### What the task requires
Word-for-word transcription: reproduce all of the data, but not the pictures.

*** Collected data ***

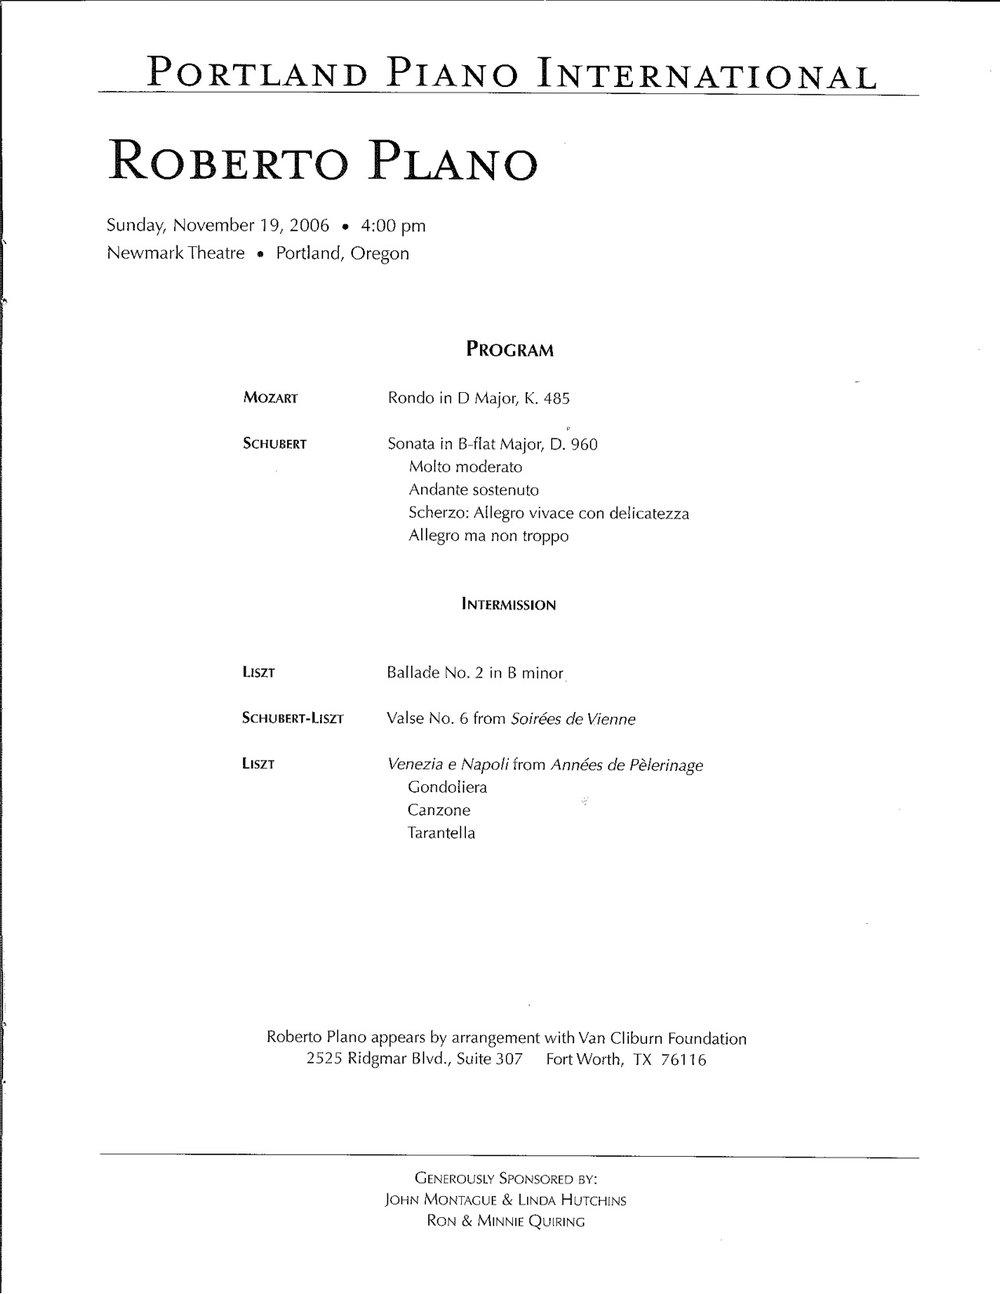 Plano_Program2.jpg
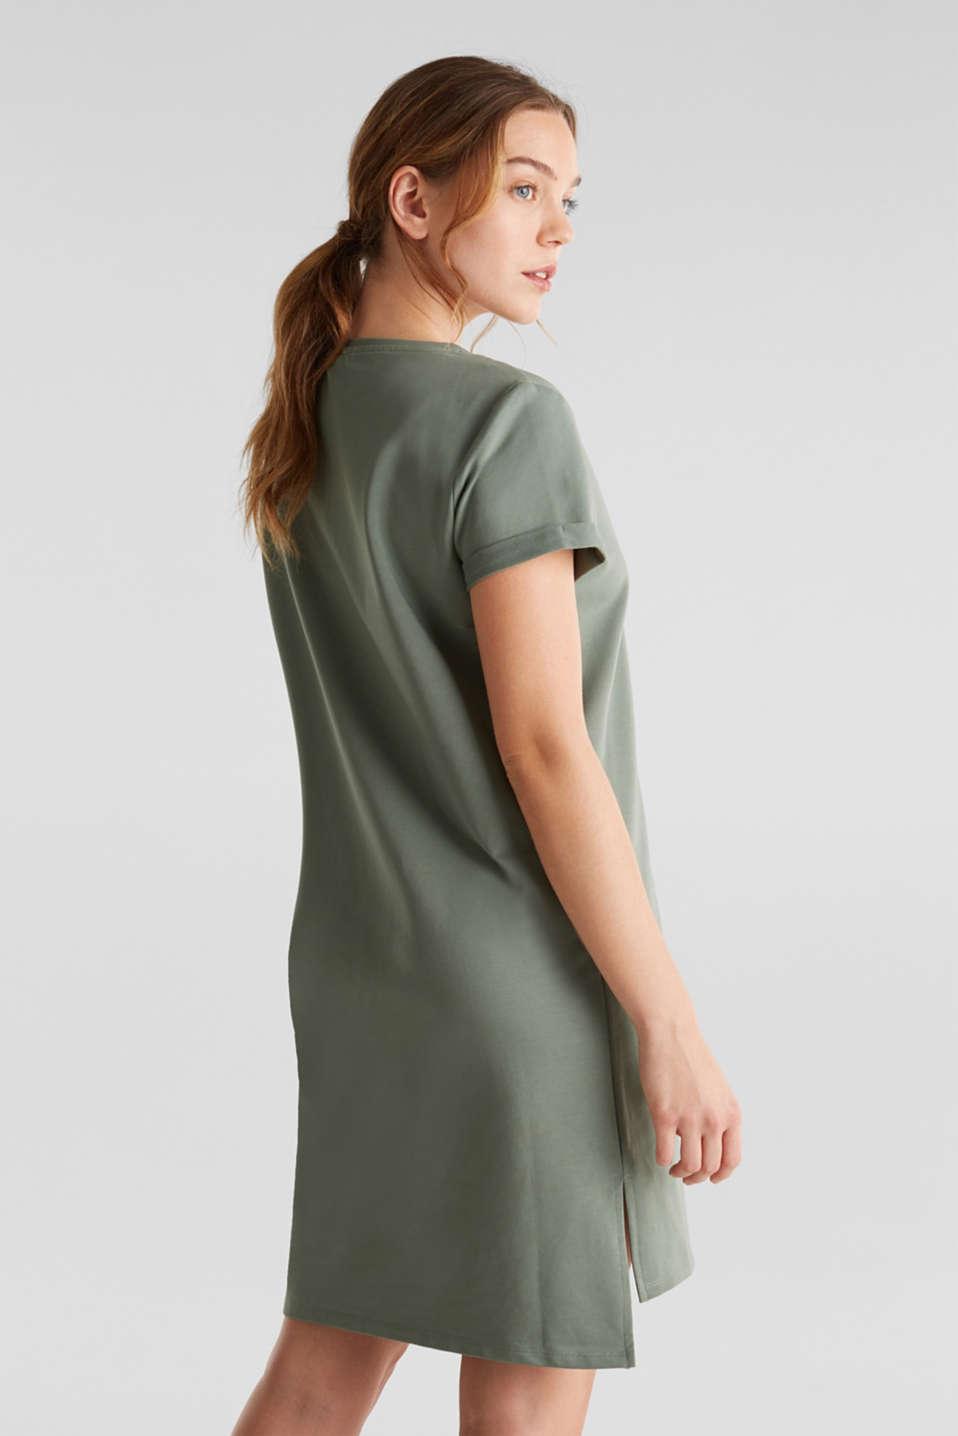 Stretch jersey dress with a high-low hem, LIGHT KHAKI, detail image number 1
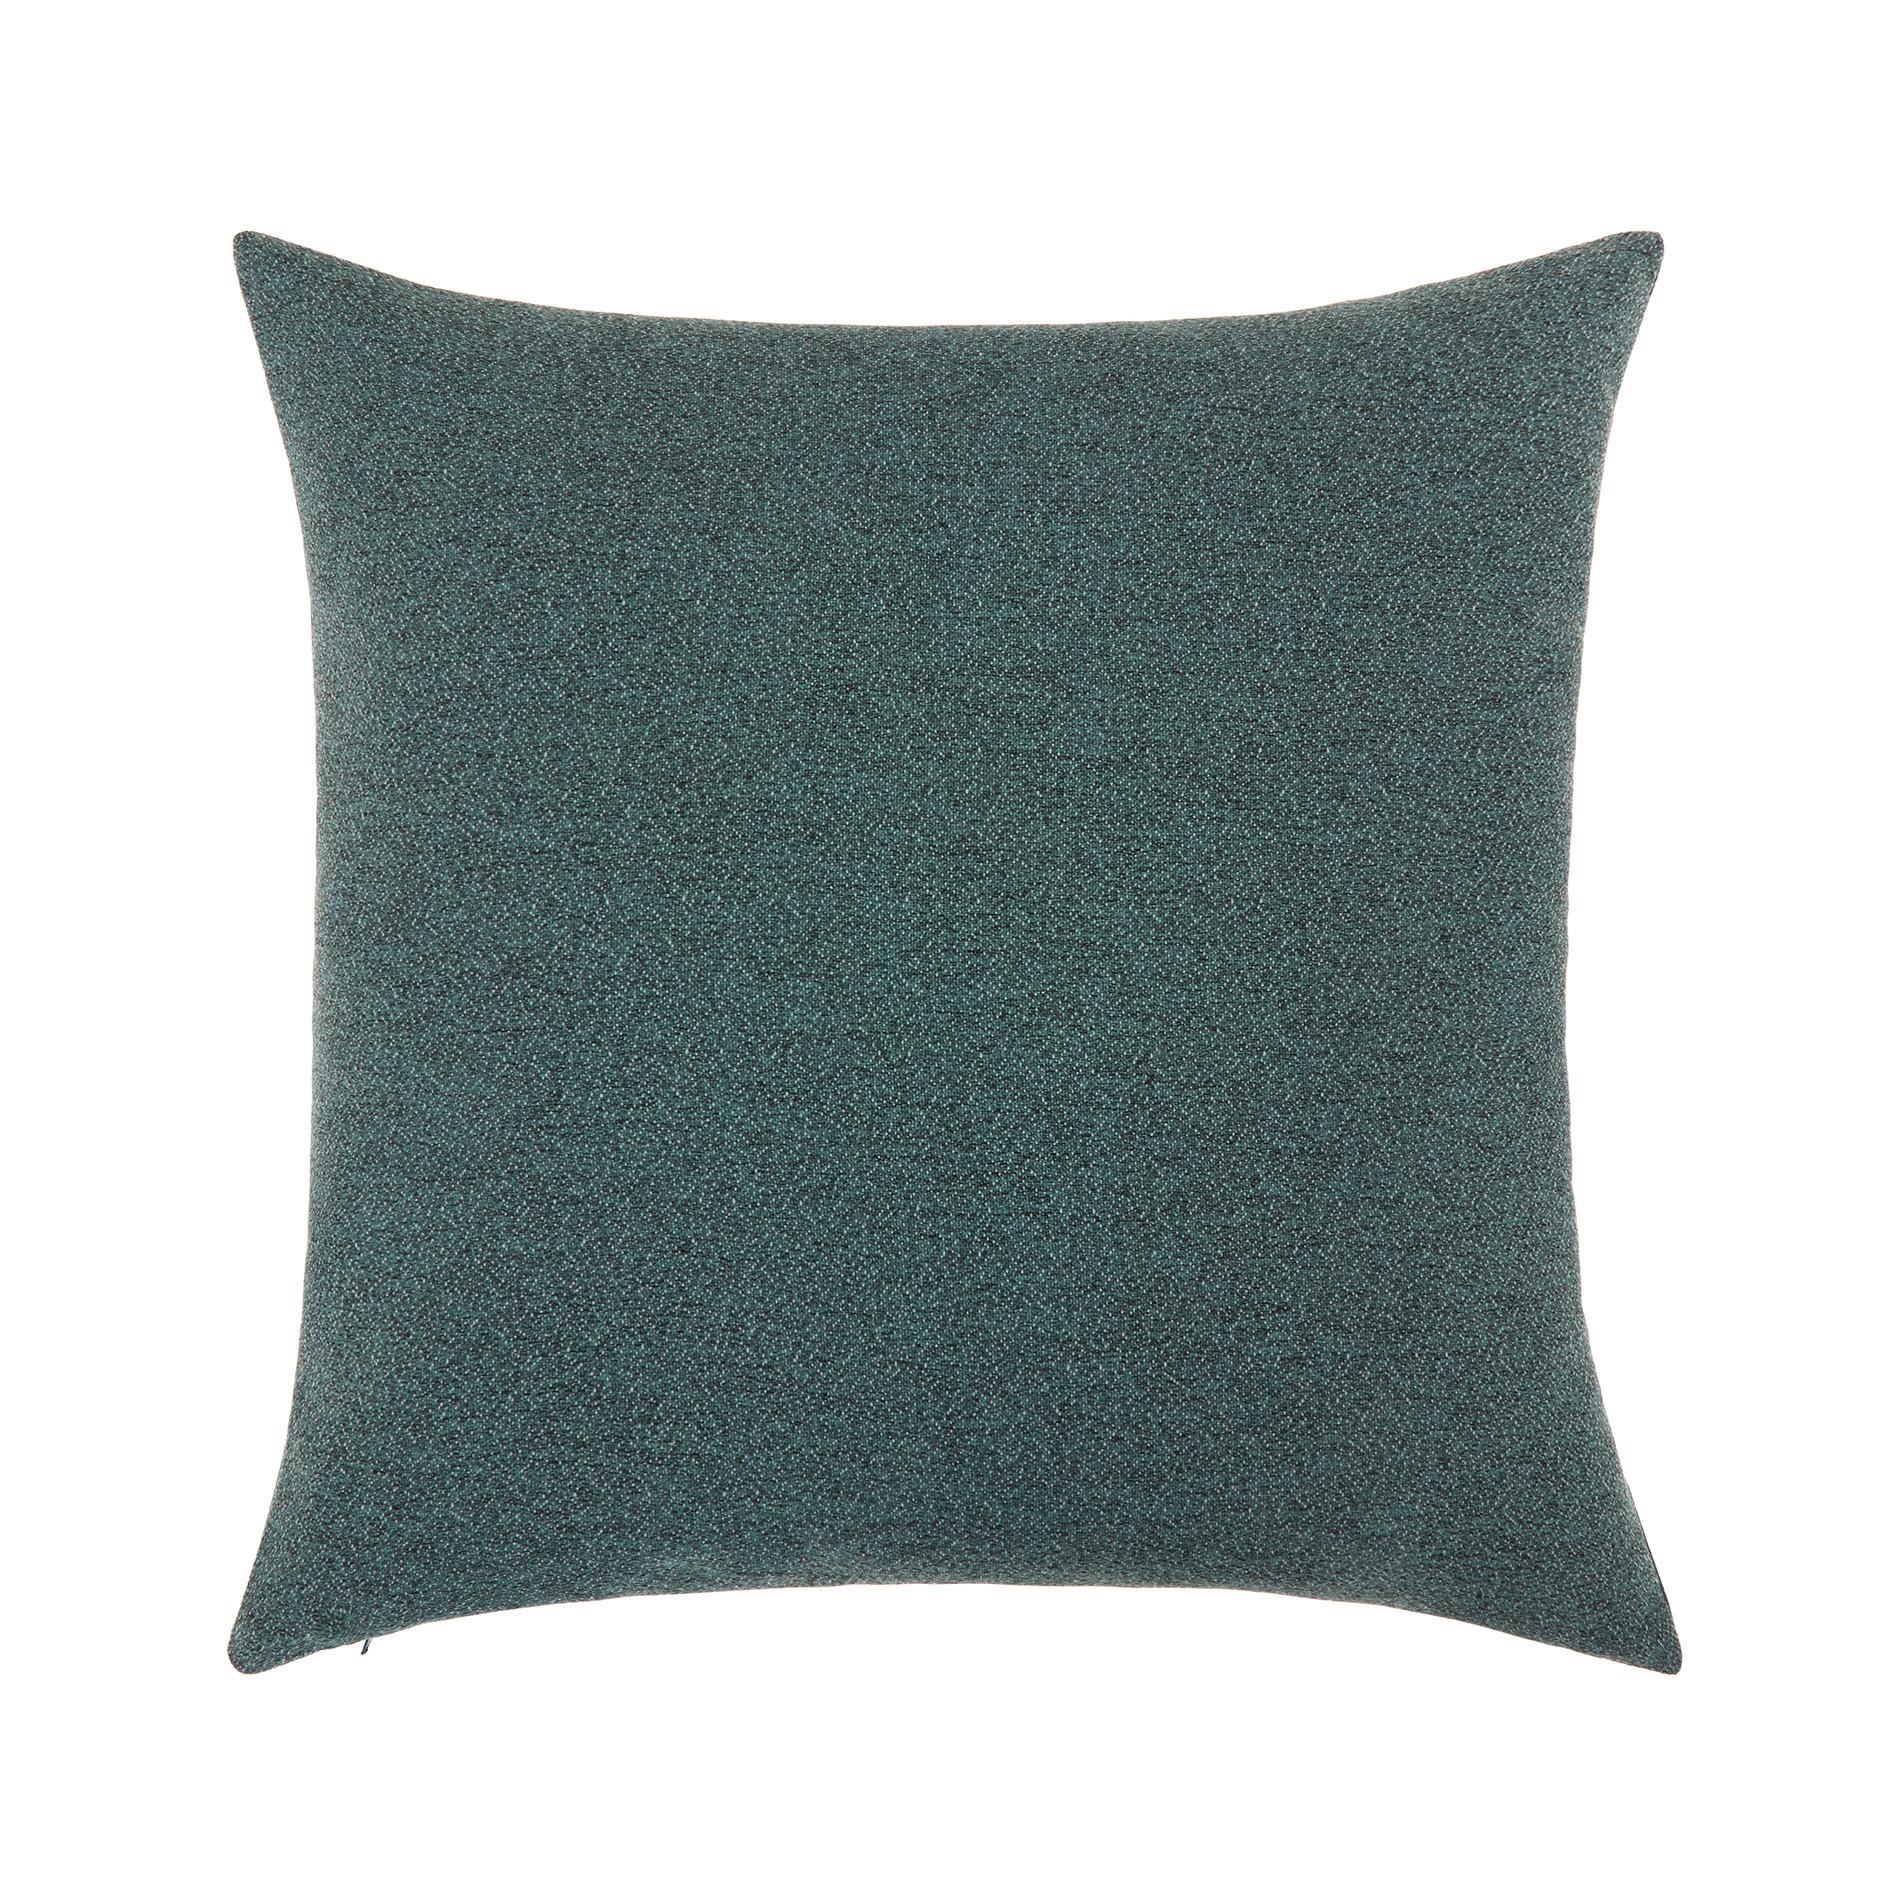 Cuscino sfumature melange 50x50cm, Verde scuro, large image number 0

***

### Solved exercise
 Plano_Program2.jpg
 Stretch jersey dress with a high-low hem, LIGHT KHAKI, detail image number 1
 Cuscino sfumature melange 50x50cm, Verde scuro, large image number 0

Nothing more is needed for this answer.